# GIVEN DATA:
__________
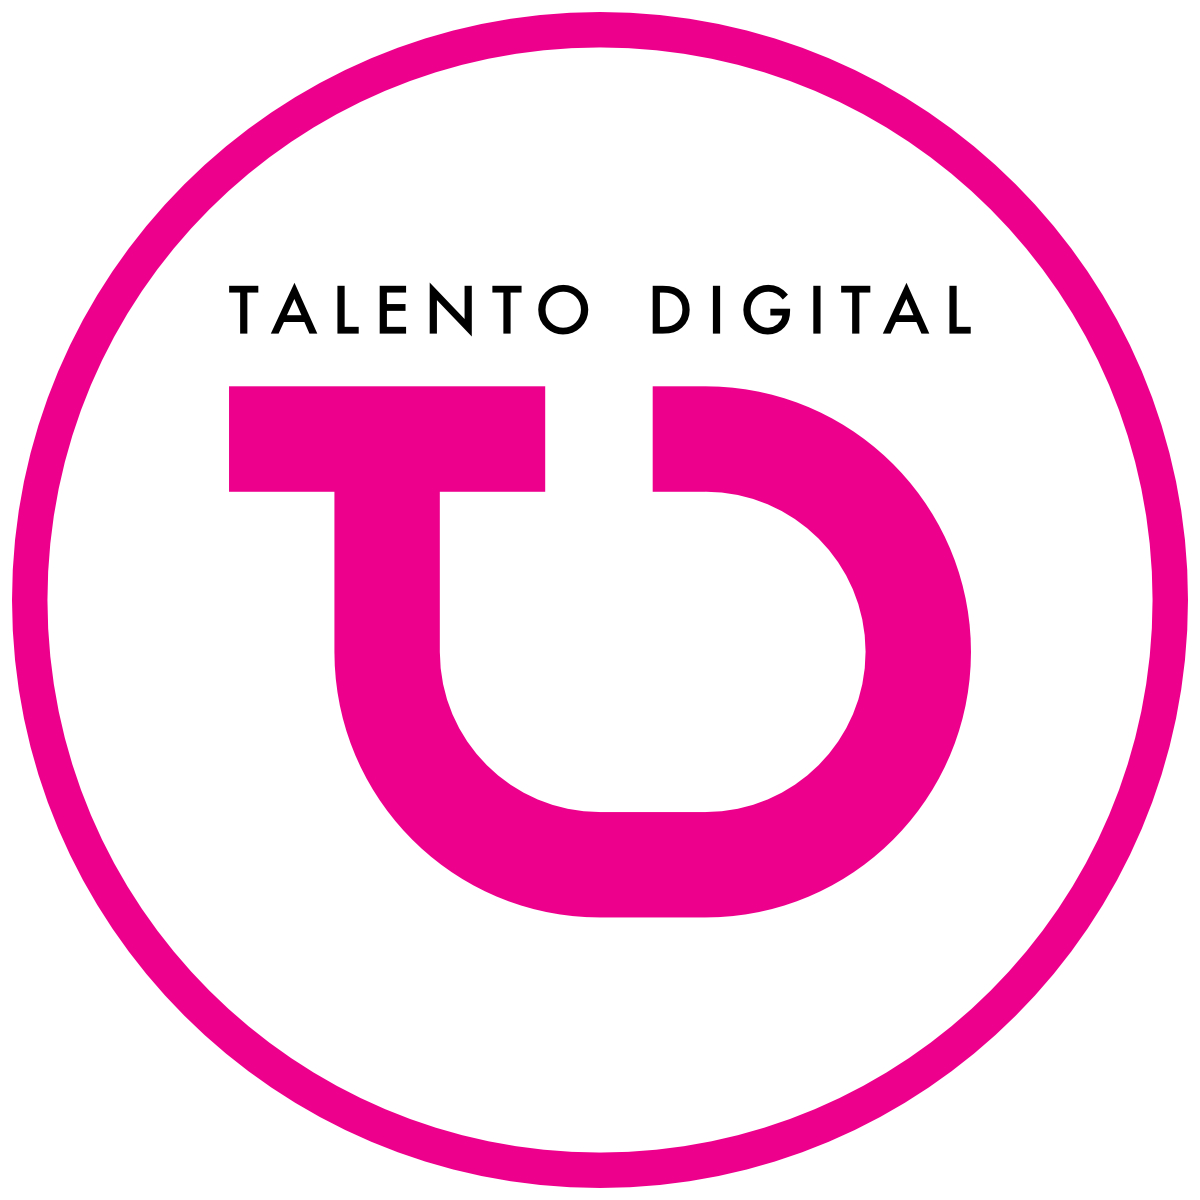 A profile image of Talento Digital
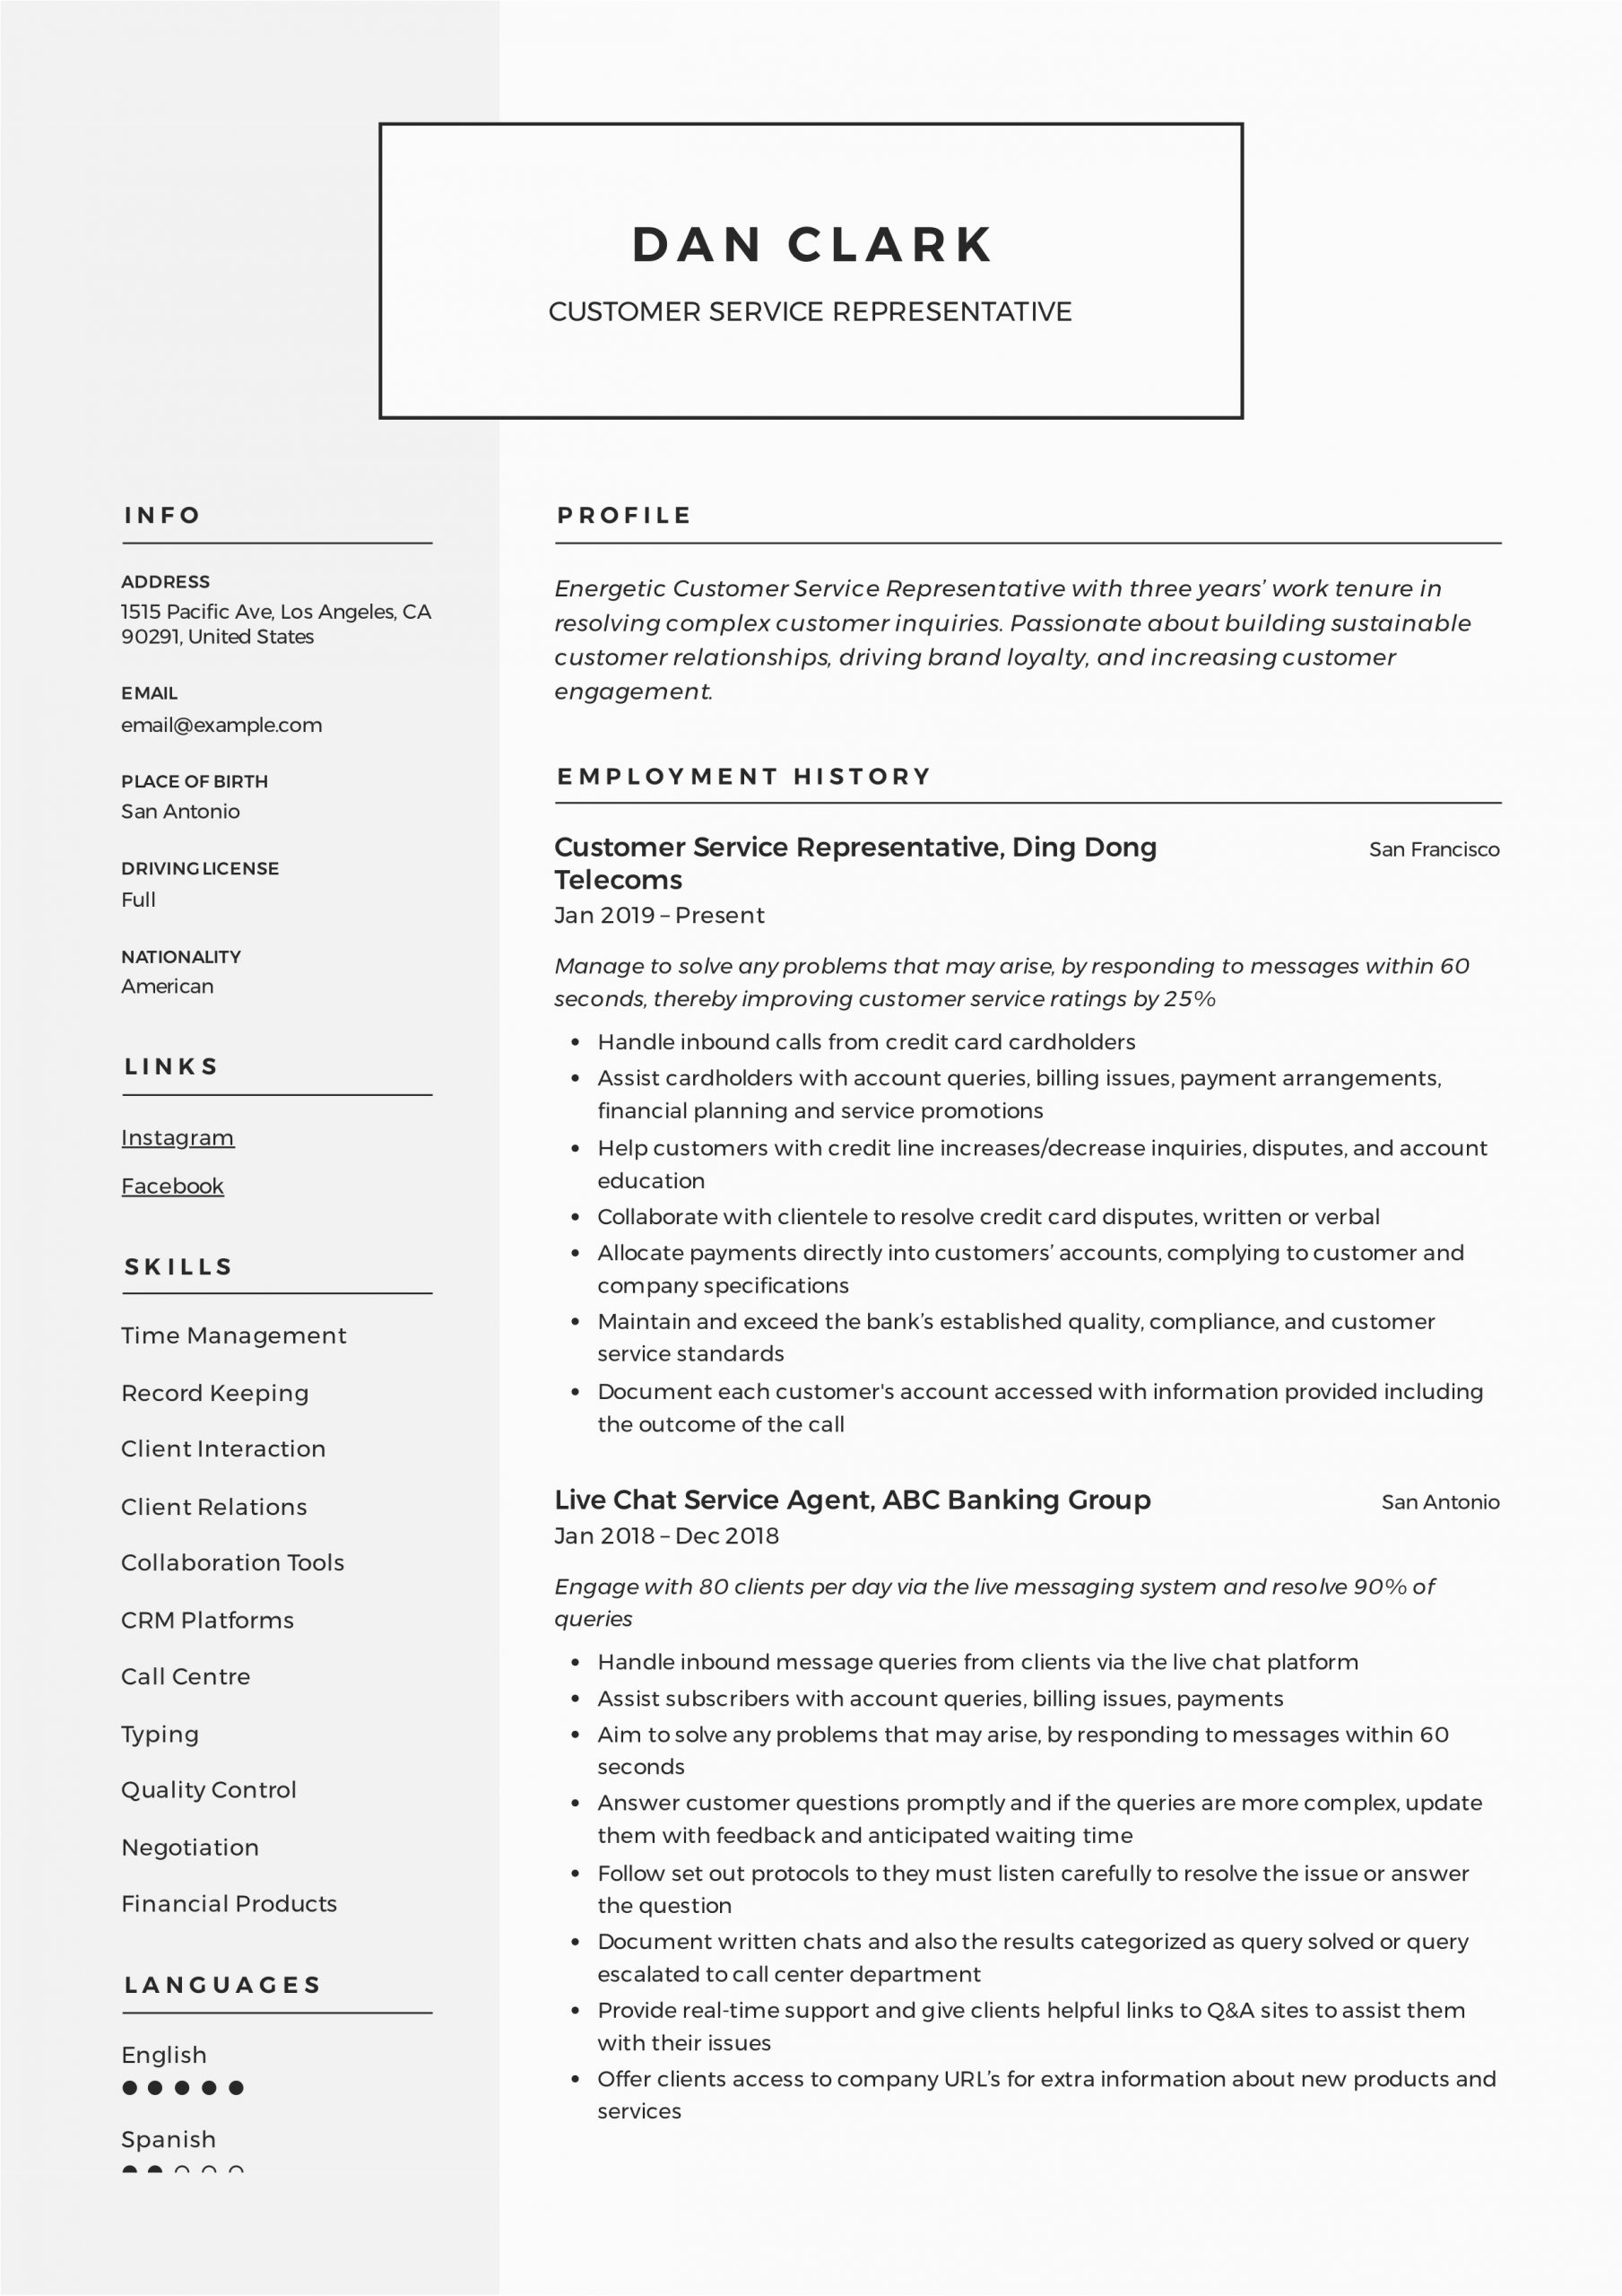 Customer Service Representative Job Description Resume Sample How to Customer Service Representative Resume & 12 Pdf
__________
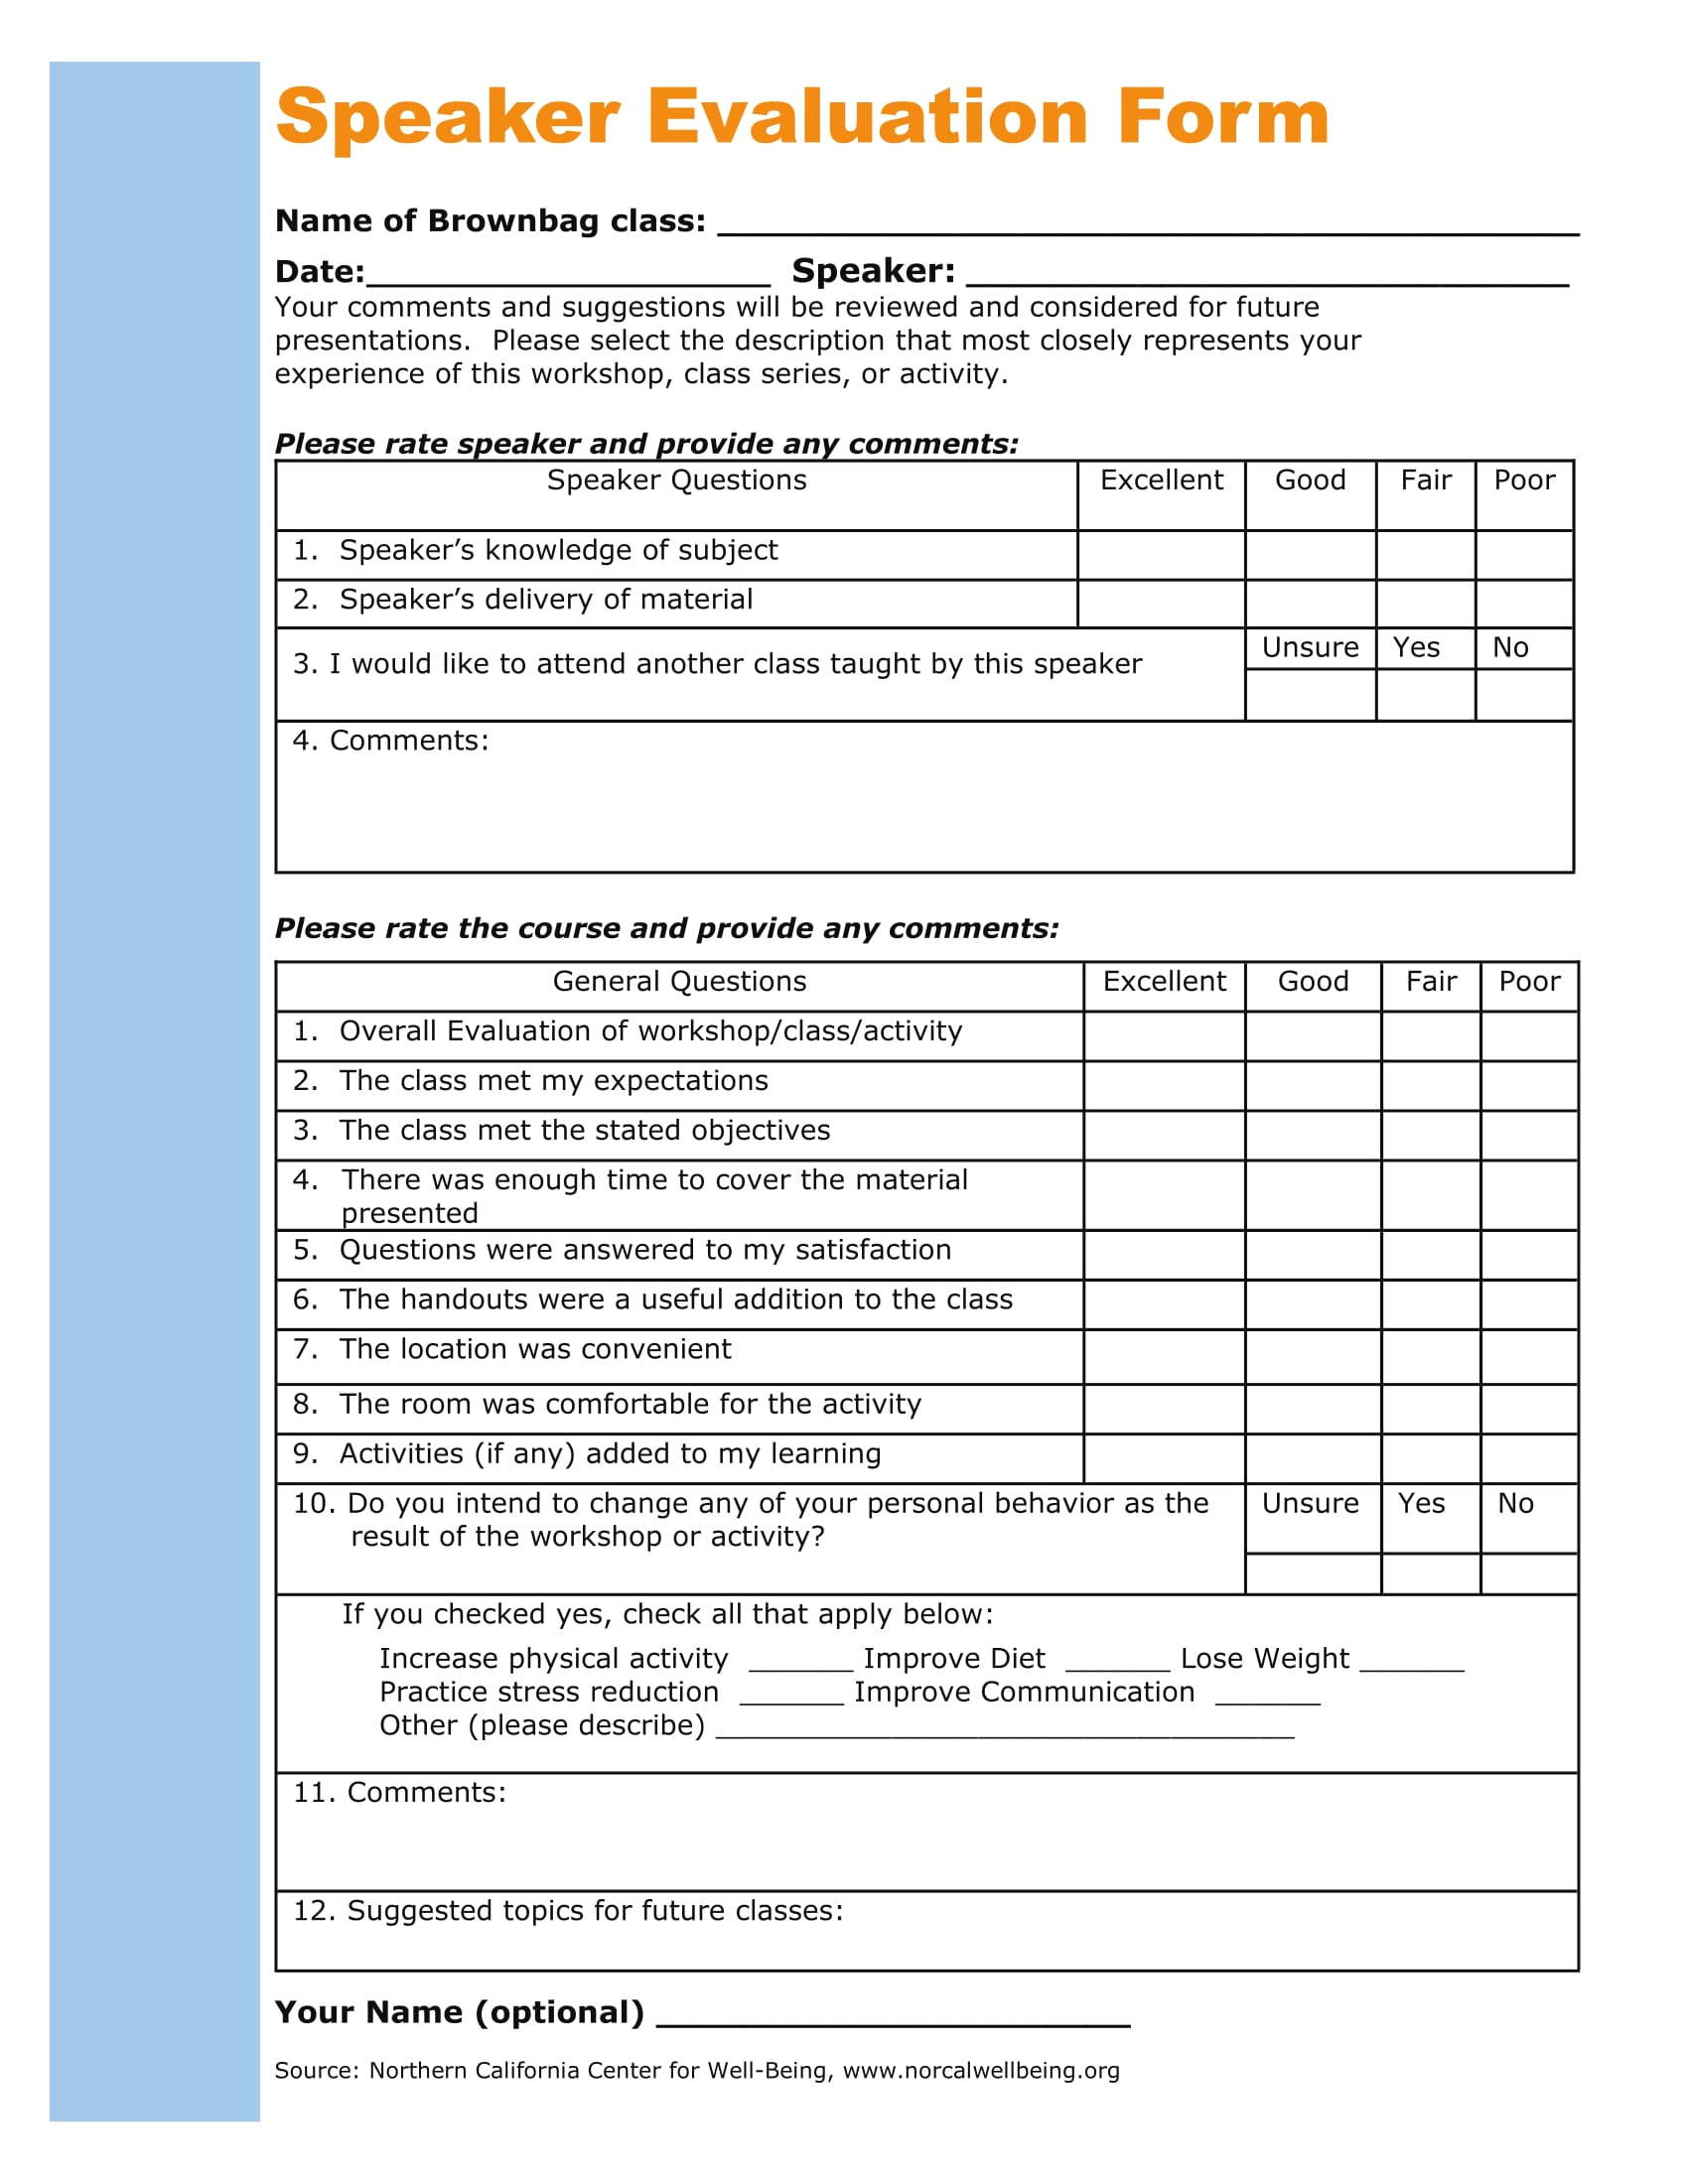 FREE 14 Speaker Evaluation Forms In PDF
__________
# WORK REQUEST:
Copy the lines above exactly, starting with the line that contains "A profile image of Talento Digital" and ending with the line that contains "Customer Service Representative Job", and leave out any pictures.

# REPLY TO THE EXERCISE:
 A profile image of Talento Digital
 Customer Service Representative Job Description Resume Sample How to Customer Service Representative Resume & 12 Pdf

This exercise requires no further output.